Baykal, milletvekillerini ve randevulu misafirlerini de TBMM’deki odasında ağırlamaya başladı. Baykal’ın TBMM’deki odasına gidenler ise, "Oda dolup taşıyor" yorumunu yaptı. Baykal’ın odası adeta Genel Merkez gibi çalışırken, CHP kulislerinde; Baykal’ın genel başkanlığa dönmek için harekete geçmek için 12 Eylül’de yapılacak referandum sonuçlarını bekleyeceği konuşuluyor.

*-GENEL MERKEZ GİBİ-*
Baykal, TBMM’de B Blok alt zemin 6. bankoda yer alan körüklü odasını bu hafta itibarıyla kullanmaya başladı. Baykal, ilk misafirlerini de Salı günü yapılan CHP Grup toplantısından sonra kabul etti. Milletvekilleri ve dışarıdan gelen randevulu konuklarını odasında ağırlayan Baykal, bundan sonra da misafirlerini yeni odasında kabul edecek.

*-BüRO TUTMAYACAK-*
Baykal’ın yakın çevresinden alınan bilgiye göre Baykal, kulislere yansıdığı gibi, yakın gelecekte bir büro tutmayı düşünmüyor. Onun yerine TBMM’deki odasını kullanacak.

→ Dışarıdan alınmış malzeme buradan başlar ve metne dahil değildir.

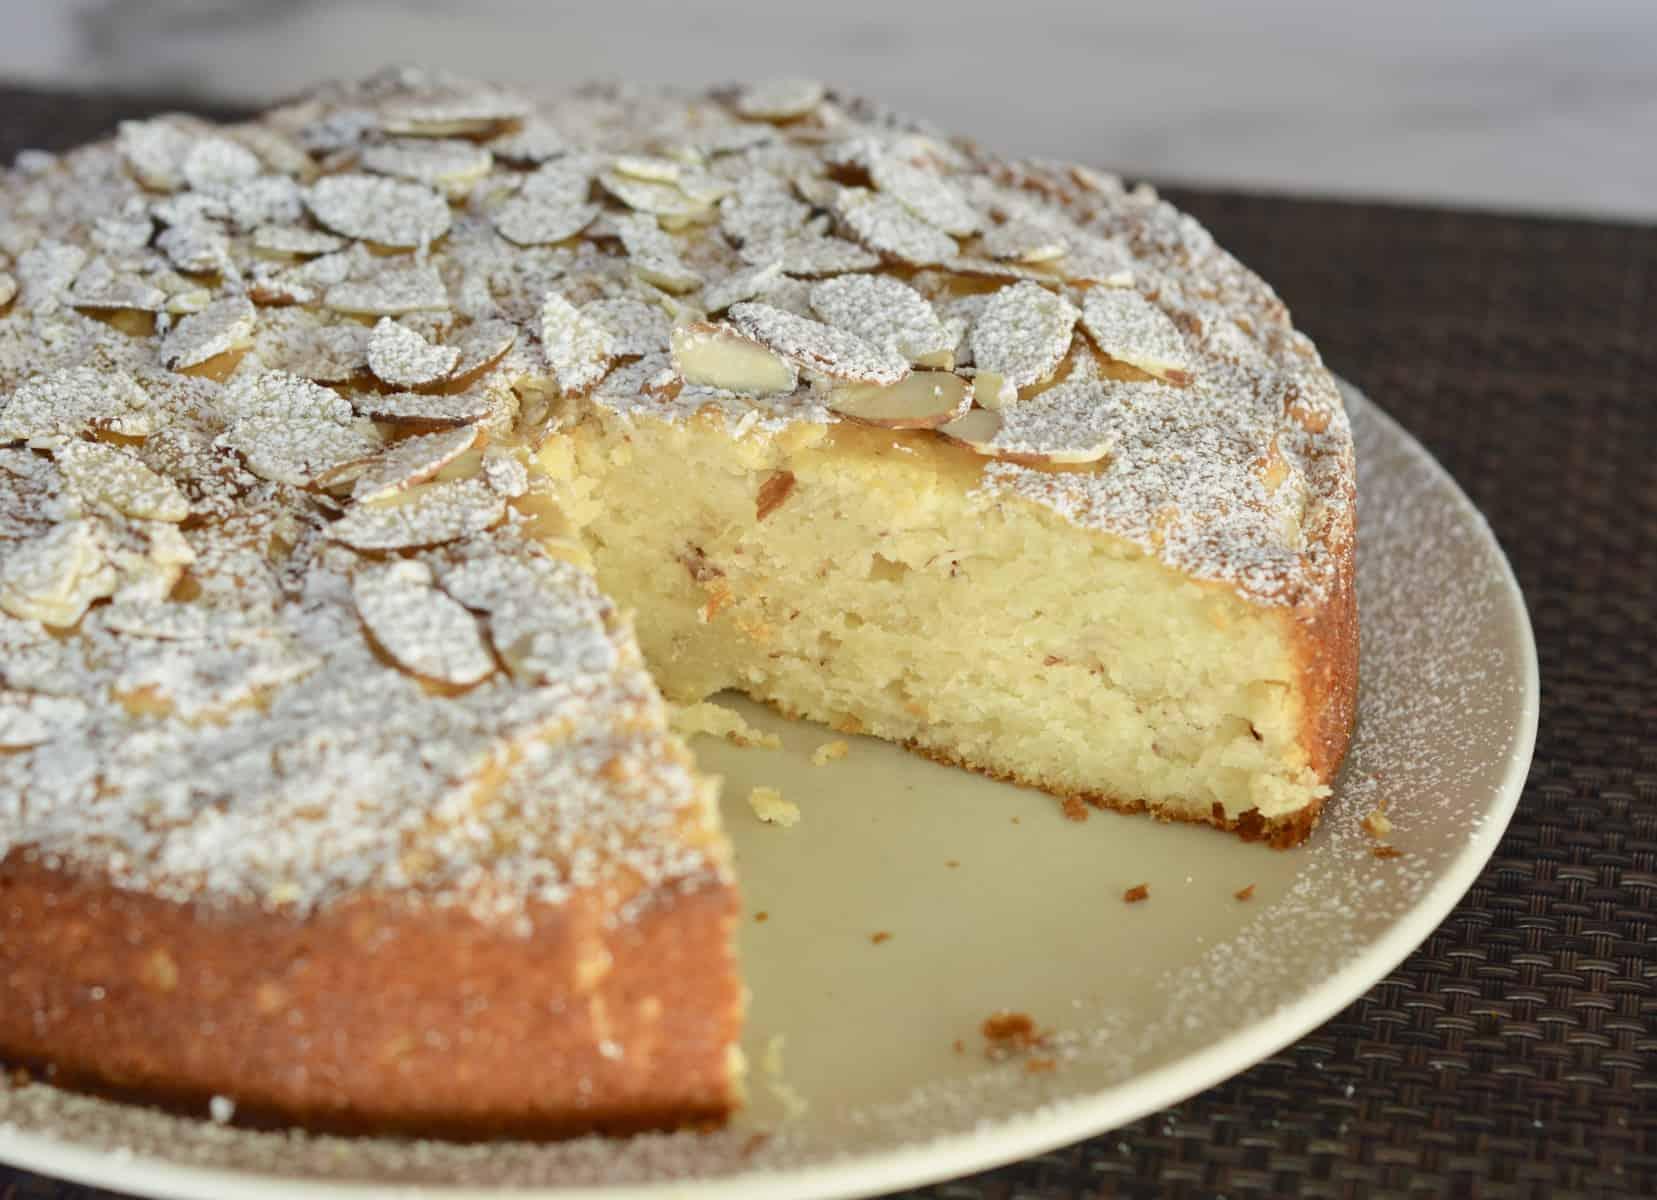 Almond Ricotta Cake Italian Dessert This Delicious House

CHP’nin eski Genel Başkanı, her Salı yapılan TBMM grup toplantısına da eksiksiz katılıyor. Toplantının ardından bir grup milletvekili ile de sohbet eden Baykal, gündemdeki konularla ilgili görüşlerini de aktarıyor.

*-ANTALYA DIşINDAKİ İLLERE DE GİDECEK-*
Hafta sonları memleketi Antalya’ya giden ve ilçelerdeki programlara katılan Baykal’ın, Antalya dışında ki ilk ziyaretini şanlıurfa’ya yapması bekleniyor. Edinilen bilgiye göre illerden gelen davetlere göre Baykal, şanlıurfa’ya gidecek.

*-B PLANI-*
Edinilen bilgiye göre Baykal’ın geri dönüş planı şöyle:
"Referandum sonuçları beklenecek. Başarısız olunması halinde genel başkanlığa dönmek için start verilecek. CHP Genel Başkanı Kemal Kılıçdaroğlu’nun ilk seçim sınavı olacak olan 12 Eylül referandumu bir anlamda Baykal’ın da yol haritasını belirleyecek. Referandum sonuçlarına göre dönüş sinyalleri verilecek. Ancak ilk hareket yapan olunmayacak, asıl 
olarak parti içinde ortaya çıkabilecek tartışmalar beklenecek."

...

----------